La réalisatrice Naomi Kawase le 1er juin 2017 à Tokyo © AFP/Archives Toru YAMANAKA
L’une des réalisatrices japonaises les plus encensées à l’étranger, Naomi Kawase, se dit prête à travailler avec Netflix pour se libérer du carcan des sponsors nippons qui étouffent, selon elle, la créativité du cinéma de son pays.
« Si une firme comme Netflix ou toute autre société de production étrangère a des moyens pour travailler avec une réalisatrice qui a acquis une réputation internationale, ce peut être une façon pour moi d’exprimer librement ce que je veux », a-t-elle lancé. « Je ne rejetterai pas une telle occasion que je vois plutôt comme un défi à relever ».
La cinéaste de 48 ans, habituée du Festival de Cannes, qui en fit en 1997 à 27 ans la plus jeune lauréate de la Caméra d’or, se confiait à l’AFP à Tokyo à son retour de la Croisette. Son dernier film, « Vers la lumière » (Hikari), de production franco-japonaise, était en lice pour la Palme d’Or.
La présence en compétition, pour la première fois, de deux films produits par Netflix dont « Okja » du réalisateur sud-coréen Bong Joon-ho avait créé la polémique à Cannes, alors que le géant américain de la vidéo en ligne a refusé de les sortir dans les salles françaises.
C’est en écoutant des propos de Bong Joon-ho, qui s’est publiquement félicité de la liberté donnée par la jeune société américaine partie prenante à son long-métrage présenté au festival, qu’elle est venue à envisager de prendre une voie similaire.
« Il dit que Netflix lui donne tout l’argent dont il a besoin et n’intervient pas », dit Mme Kawase, connue pour ses images travaillées et son oeuvre personnelle animée par la communion avec la nature et le rapport aux autres. « Il dit que c’est un environnement formidable pour les réalisateurs et je pense qu’il a bien raison », ajoute-t-elle.
– Oeuvres recyclées –
Selon Mme Kawase, les investisseurs japonais ne prennent pas le risque d’investir dans un film basé sur un scénario original dont ils ne peuvent pas prévoir les profits.

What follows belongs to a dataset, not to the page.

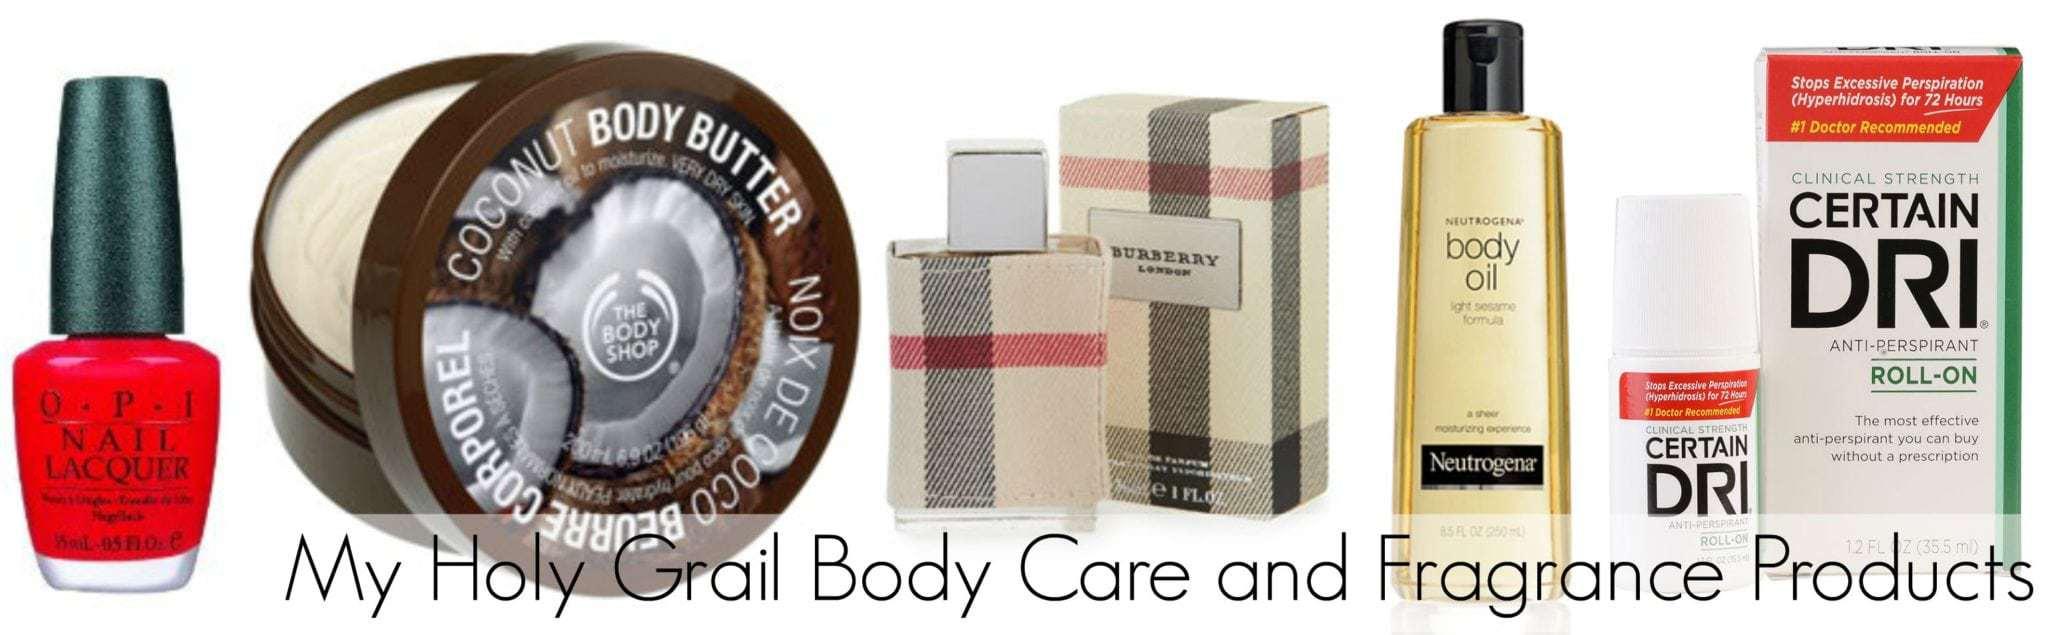 Wardrobe Oxygen Holy Grail Body Care Fragrance Beauty Products
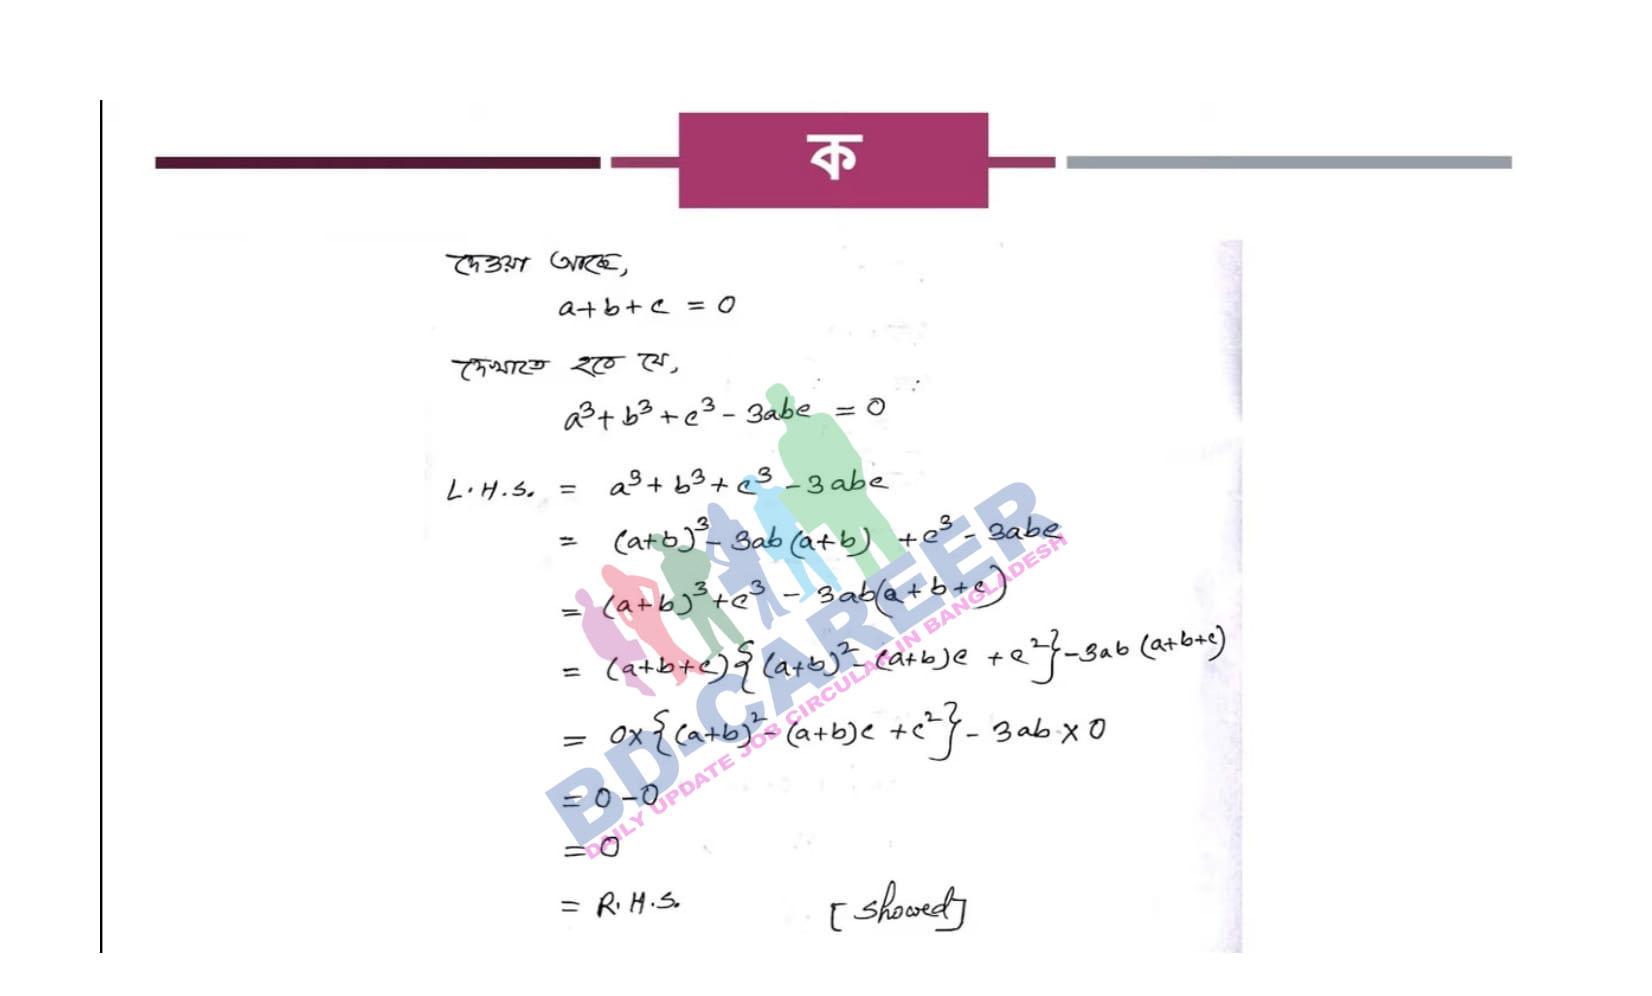 assigment-4th-class-9-math-answer-2020-21

En ce sens, les cinéastes ici « ne sont pas vraiment en mesure de créer ce qu’ils veulent », d’autant que les sponsors sont, dit-elle, « obnubilés par la notoriété des acteurs: ils ne veulent que ceux qui peuvent rapporter de l’argent ».
« Par conséquent, nous devons chercher des financements étrangers, mais alors ces films peuvent ne pas être couronnés de succès au Japon », précise-t-elle.
Quelque 610 films ont été produits dans l’archipel l’an passé, dont beaucoup sont basés sur des mangas à succès ou des romans déjà déclinés en dessins animés ou séries TV et qui sont transposés en longs-métrages d’animation ou films incarnés par des stars du petit et grand écran. Les trois quarts des 40 plus gros succès de 2016 sont des adaptations d’oeuvres existant sur un autre support.
Ce « mediamix » tend à resserrer considérablement les possibilités de réaliser un film sur la base d’un scénario créé ex-nihilo, car la mécanique en oeuvre est celle d’un financement à tiroirs qui va vers les dérivés d’une même histoire exploitée à outrance. La plupart de ces films ne sortent pas à l’étranger et n’attirent pas les récompenses.
Le point de vue critique de Naomi Kawase, qui a aussi été à Cannes lauréate du Grand Prix en 2007 avec « Mogari no mori » (La forêt de Mogari), rejoint celui d’autres grands du septième art japonais, comme Hirokazu Kore-eda.
Le réalisateur de « Tel père, tel fils » avait dit fin 2016 à l’AFP « craindre que le cinéma japonais ne finisse par péricliter, à force d’être renfermé sur lui-même et de ne pas du tout se tourner vers l’étranger ». « Dans un contexte où l’objectif premier est de vendre, un contenu audiovisuel ne peut pas prendre de la hauteur en tant qu’objet culturel », soulignait-t-il.
« Plus de réalisateurs vont à l’avenir vouloir travailler avec Netflix ou Amazon. S’il reste comme il est, tout le secteur va couler », a-t-il dit à l’AFP.